Is This Aereo's Back-Up Plan?

Mari Silbey

If something looks like a duck and quacks like a duck, then you have to treat it like a duck.

That's the essential argument Aereo is making in the wake of the US Supreme Court's ruling in favor of broadcasters two weeks ago. In a 6-3 decision, the Supreme Court held that Aereo "is for all practical purposes a traditional cable system." Given that pronouncement, Aereo now says it's entitled to a copyright statutory license just like its cable company fellows. A license would enable Aereo to negotiate retransmission fees with broadcasters in the same way that other cable operators do today. (See Supreme Court Halts Aereo's Flight.)

Not surprisingly, broadcasters aren't buying Aereo's argument, which was made in a letter filed with the lower court handling the broadcast companies' injunction request. They point out that in the Supreme Court case, Aereo was adamant about not being classified as a cable operator. However, the streaming company now says the situation has changed.

"Under the Second Circuit's precedents, Aereo was a provider of technology and equipment with respect to the near-live transmission at issue in the preliminary injunction appeal.
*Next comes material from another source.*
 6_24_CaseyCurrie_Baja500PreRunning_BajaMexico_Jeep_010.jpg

After the Supreme Court's decision, Aereo is a cable system with respect to those transmissions."

Aereo's lawyers also have another argument in their arsenal. In the filing with the lower court, the lawyers say that even if Aereo isn't granted a statutory license, any injunction against the company should still be limited. They claim that because the Supreme Court only objected to Aereo's system of "near simultaneous" streaming of broadcast TV programs, the company should still be allowed to deliver time-shifted content.

Whether or not Aereo ultimately succeeds on any legal grounds, the company's business is still in jeopardy. As a cable company, Aereo would be subject to the same rising retransmission fees that have threatened the profits of so many other operators. In addition, any negotiations with broadcasters would likely suffer from the bad blood generated through years of legal battles.
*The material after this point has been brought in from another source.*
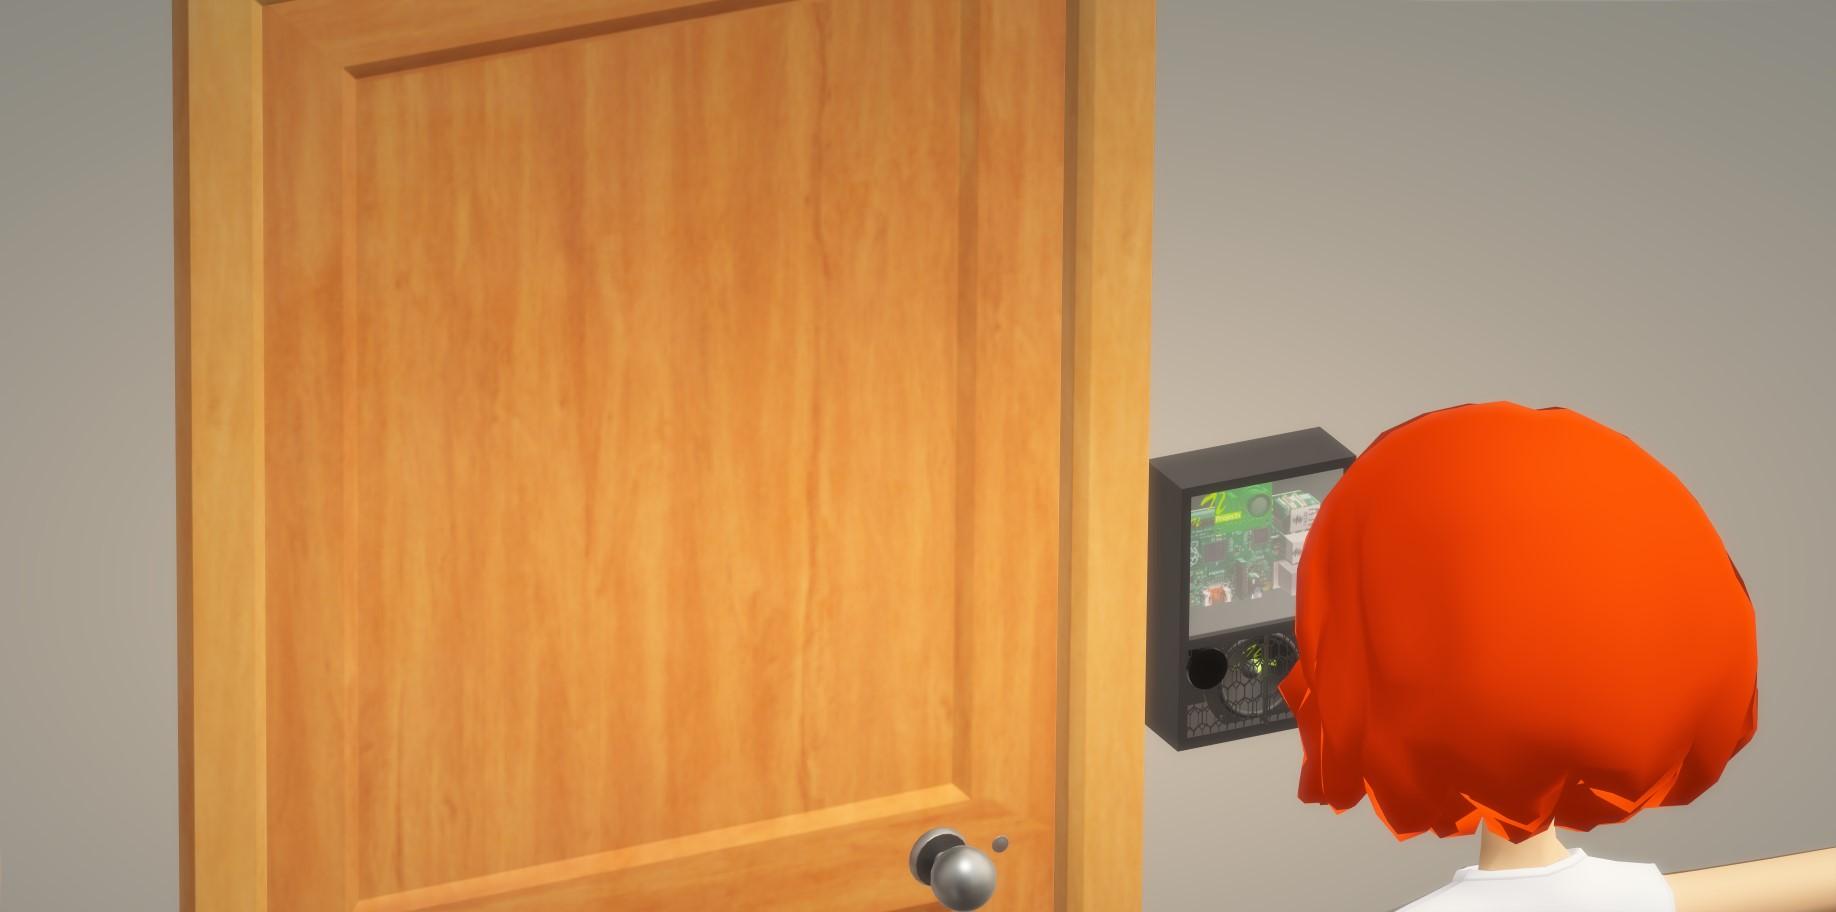 Contactless IOT Doorbell & Security System

Even prominent Aereo investor Barry Diller appeared to throw in the towel after the Supreme Court decision saying, "We did try, but it's over now." (See Aereo Presses Pause… for Good?.)

Aereo CEO Chet Kanojia has remained optimistic, however. He told consumers in a public letter recently that "our journey is far from done."

As the latest court filing shows, the company isn't ready to close its doors yet.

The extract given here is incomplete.